Tools

CIS 301: Logical Foundations of Programming, Spring 2016


Remote Desktop

You can access CIS Windows machine remotely via remote desktop to remote.win.cis.ksu.edu. You need to use a remote desktop software specific to your OS (e.g., win, linux, mac).

Note that if you are accessing remote.win.cis.ksu.edu from off-campus, you will need to use K-State VPN software (http://www.k-state.edu/its/security/vpn/) before connecting to it.

Z3 SMT Prover

Z3 is a high-performance Satisfiability Modulo Theories (SMT) solver being developed at the Research in Software Engineering (RiSE) group in Microsoft Research.

Sireum Logika

http://logika.sireum.org

Logika is a natural deduction proof checker for propositional, predicate, and programming logics developed by Robby. We will use Logika for most of the part of the course.

Logika and its IntelliJ-based Integrated Verification Environment (LIVE) are installed in remote.win.ksu.edu. Sireum v3 is installed in C:\sireum-v3 and IntelliJ IDEA Community Edition 15.0.3 (with Scala plugin and Sireum v3 plugin) is accessible through the Windows Start menu’s JetBrains folder.

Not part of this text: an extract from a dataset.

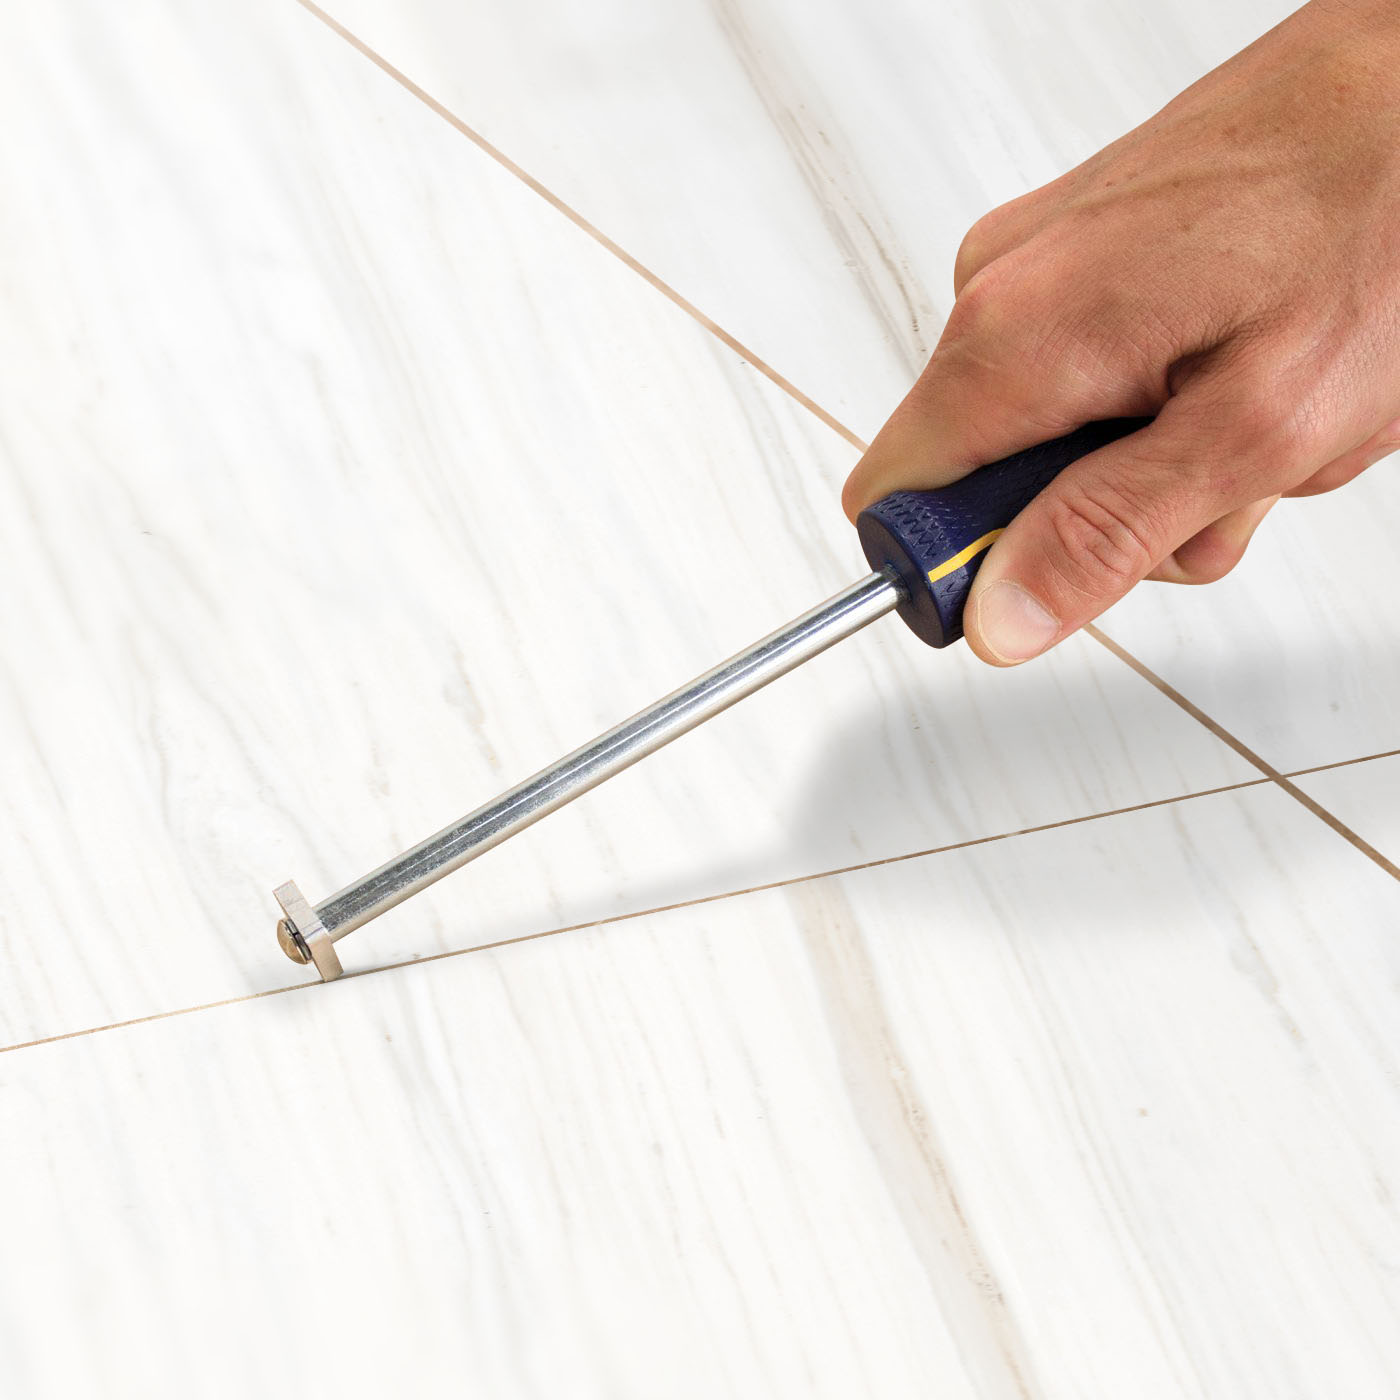 How To Clean Porcelain Tiles

They are also available in CIS Linux labs. Sireum v3 is installed in /research/santos/sireum-v3 and IntelliJ is installed in /research/santos/idea-IC-15.0.3. To run IntelliJ in CIS Linux labs: /research/santos/idea-IC-15.0.3/bin/idea.sh.

CIS administrators are in the process of installing Logika in the CIS labs.

Alloy Modeling Language and Constraint Analyzer

Alloy is a language for modeling class/object-oriented structures and relations between those structures (in some sense, it is analogous to UML class diagrams, but it is semantically cleaner). One can use Alloy to abstractly model a variety of systems. Alloy includes a constraint language based on predicate logic that can be used to specify properties/constraints on Alloy structures. Alloy’s Constraint Analyzer can automatically analyze constraints to, e.g., find example structures that satisfy the constraints or determine if the constraints hold for all possible structures that match the given class declarations.

We will use Alloy to help learn the meaning of propositional and predicate logic. In particular, we will focus on gaining a strong intuitive understanding of the meaning of propositional connectives (and, or, not, implies) and universal and existential quantifiers from predicate logic.